> PROVIDED DATA
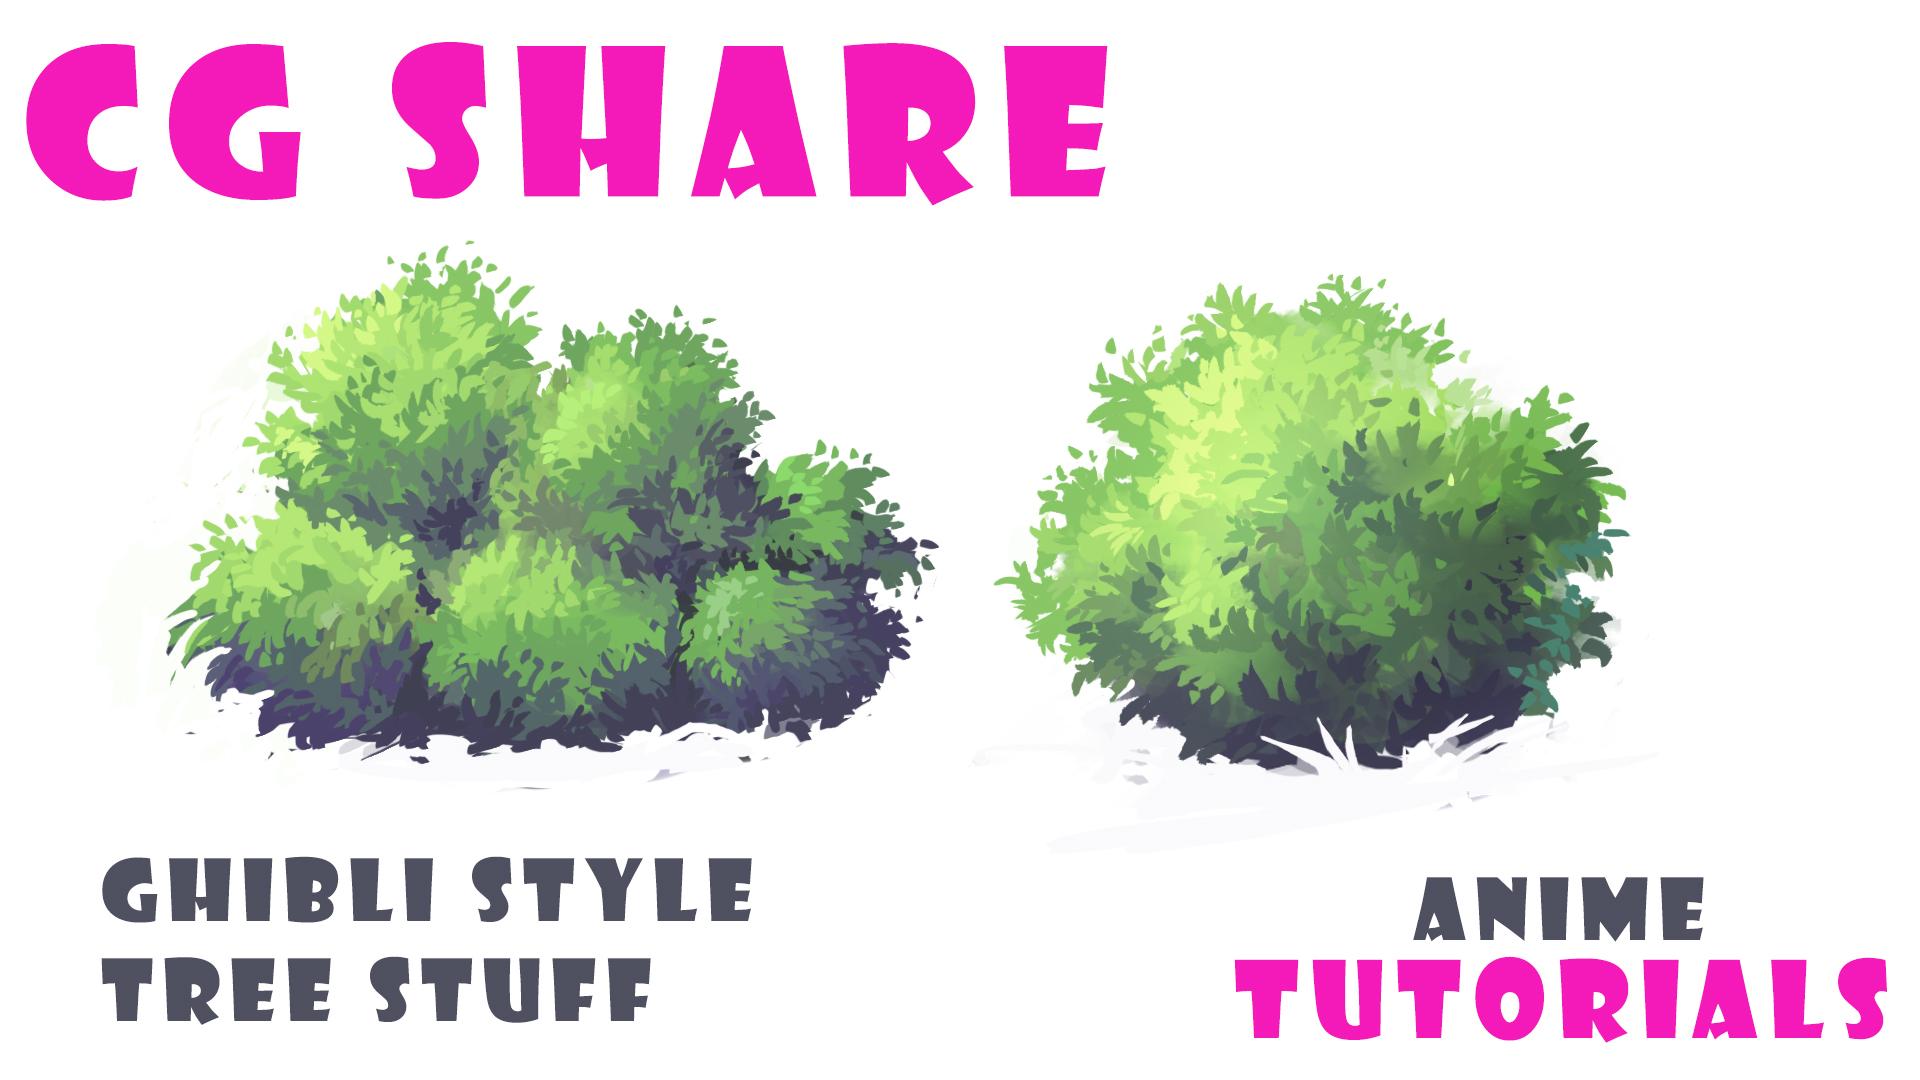 ANIME DRAWING | CGSHARE | GHIBLI STYLE | TREE STUFF
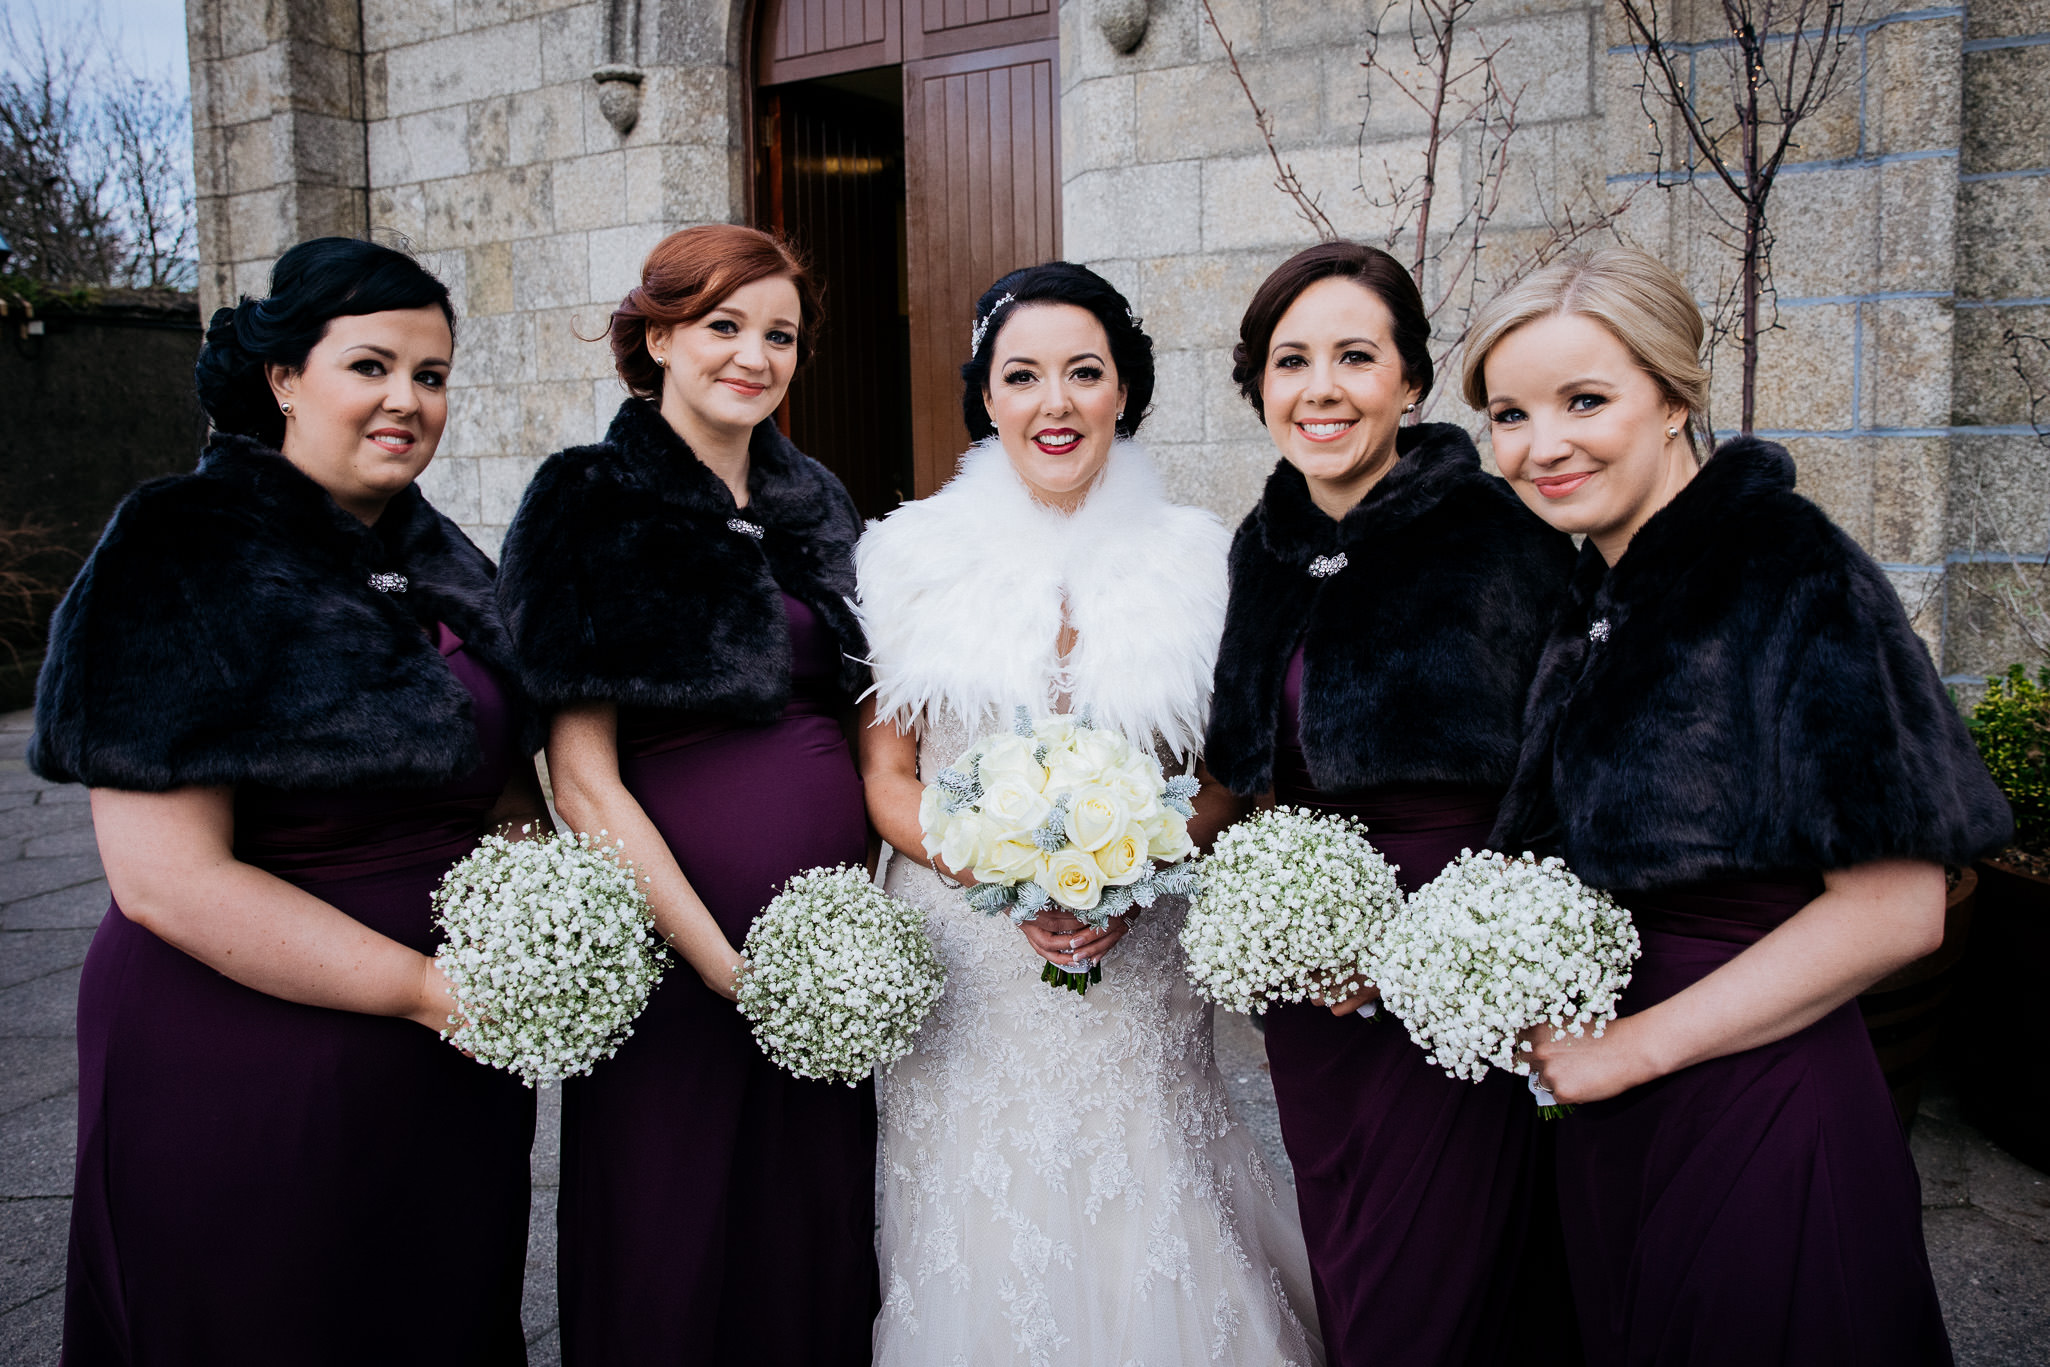 clairebyrnephotography-wedding-sparklers-christmas-orlagh-daithi-9.jpg
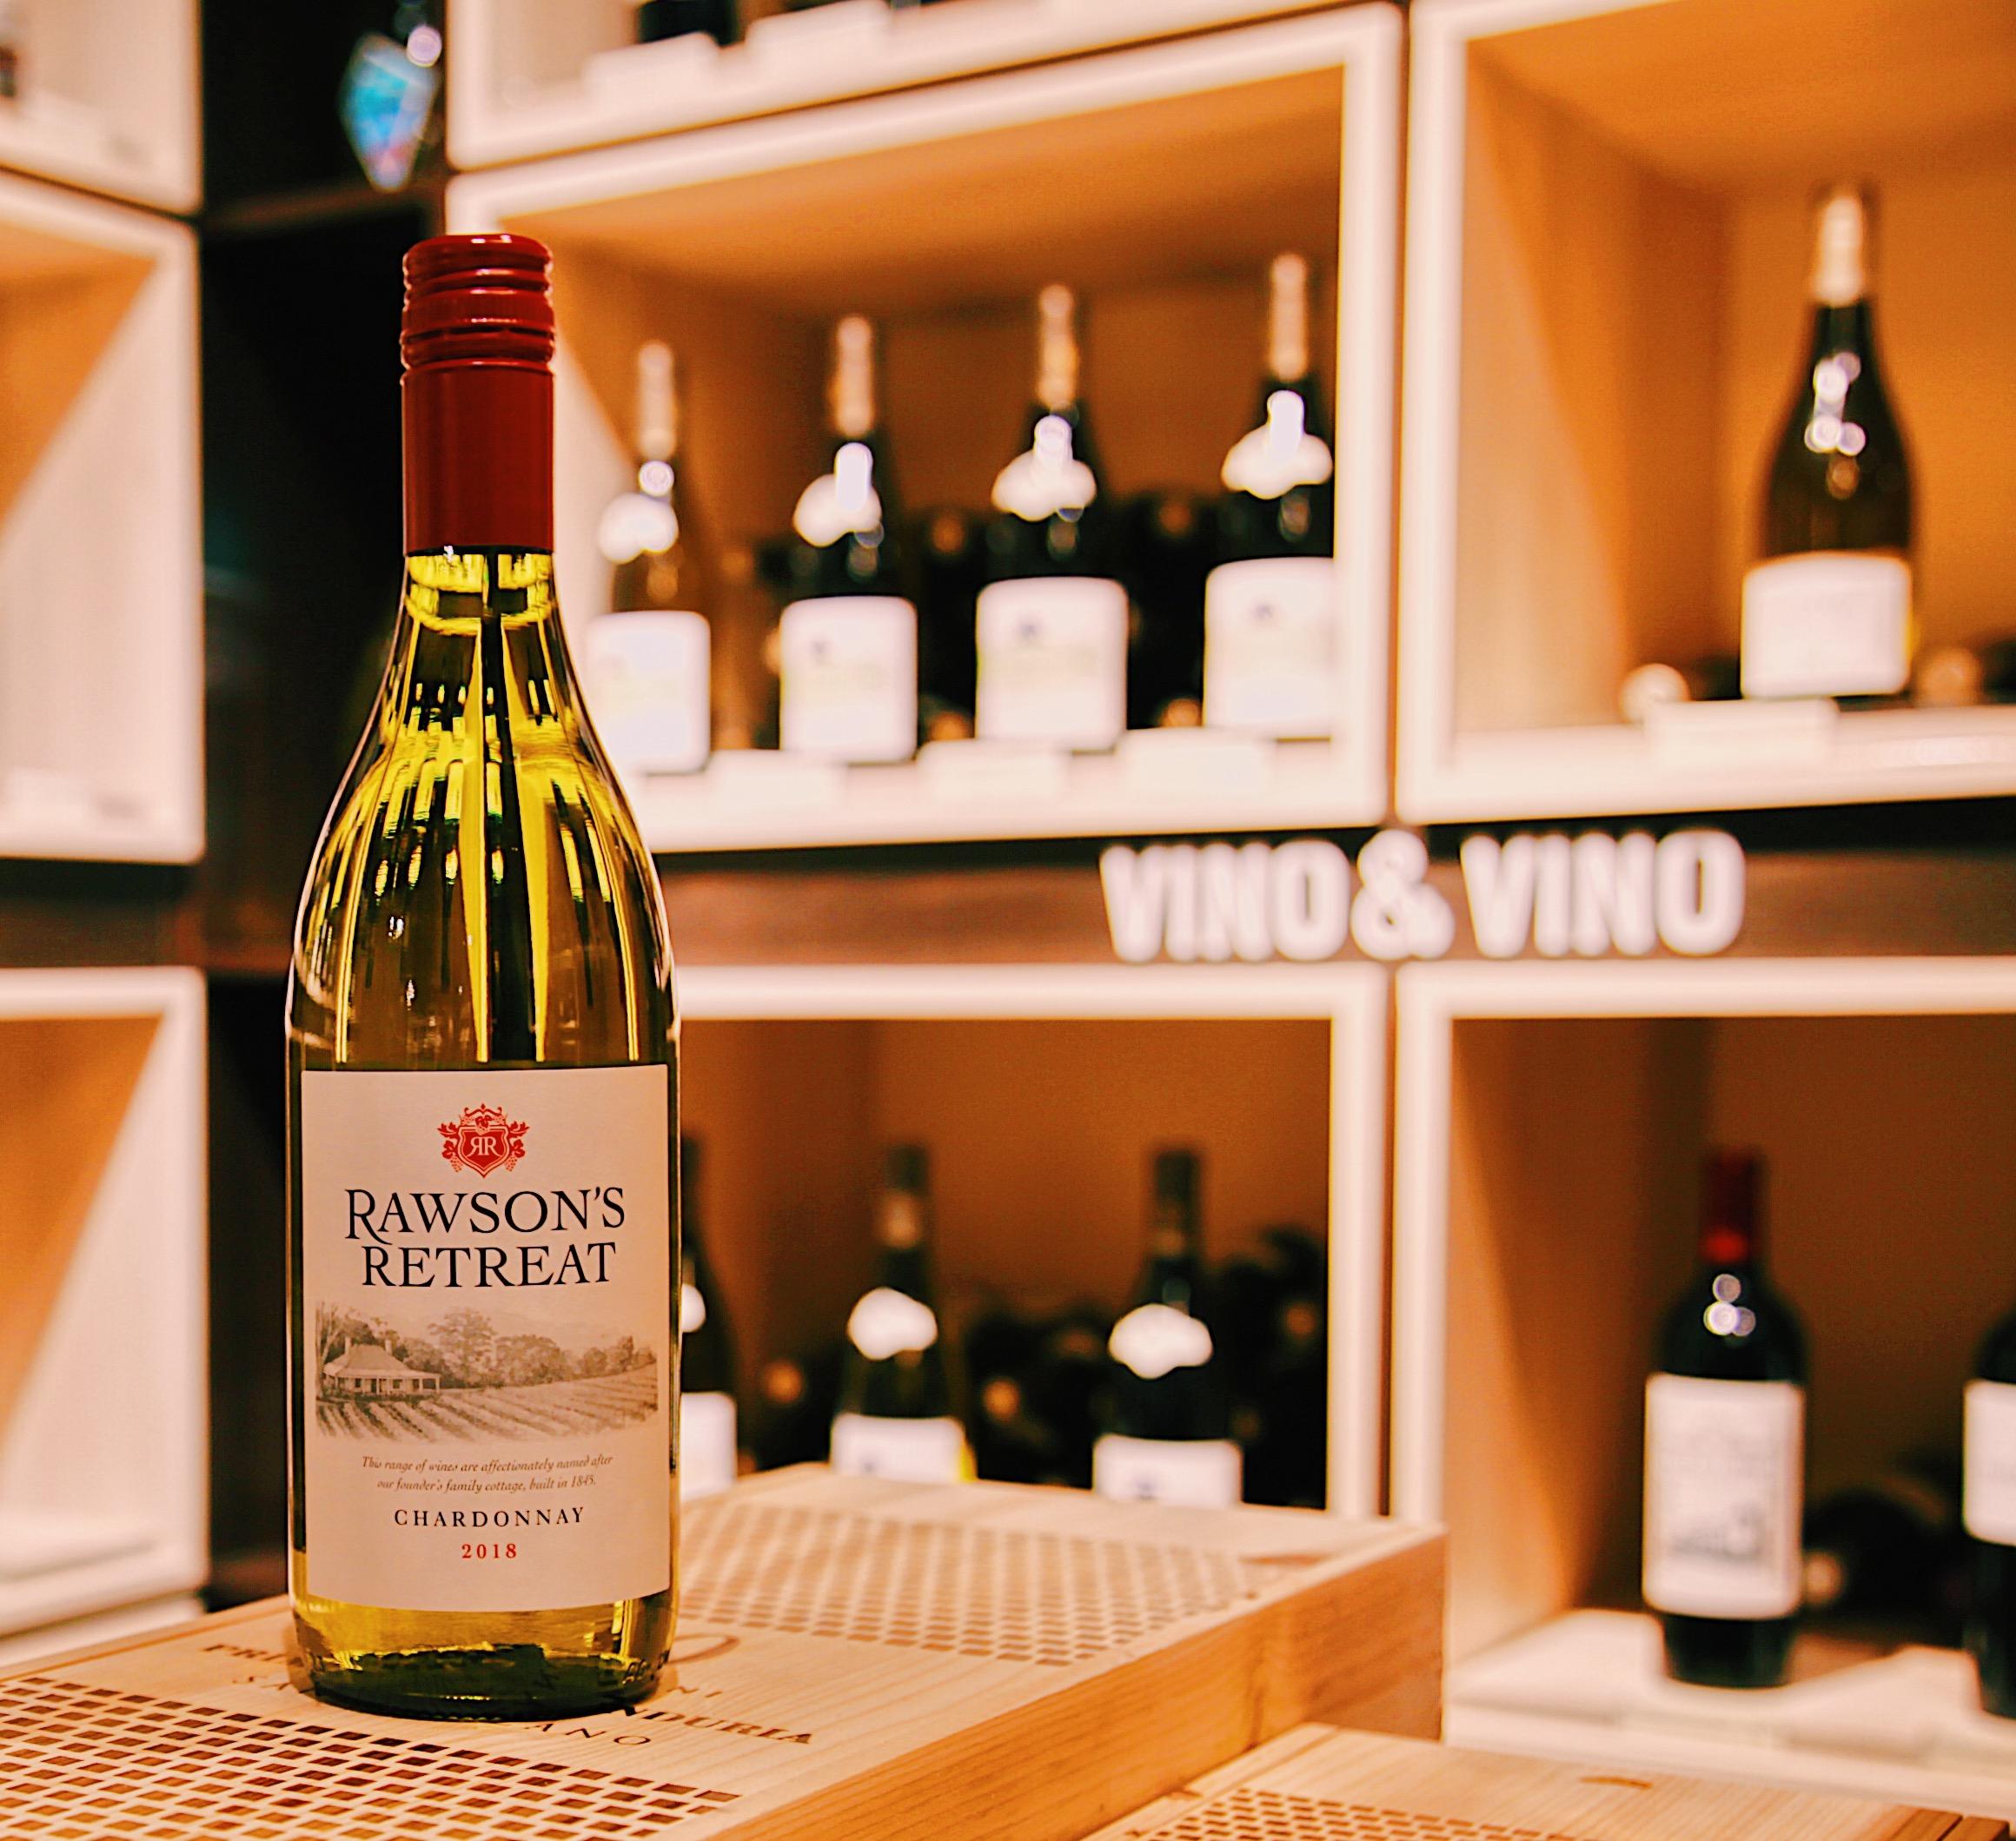 Rawsons Retreat – Chardonnay

> ACTION ITEM
Reproduce all the material exactly, omitting images.

> RESPONSE AREA
 ANIME DRAWING | CGSHARE | GHIBLI STYLE | TREE STUFF
 clairebyrnephotography-wedding-sparklers-christmas-orlagh-daithi-9.jpg
 Rawsons Retreat – Chardonnay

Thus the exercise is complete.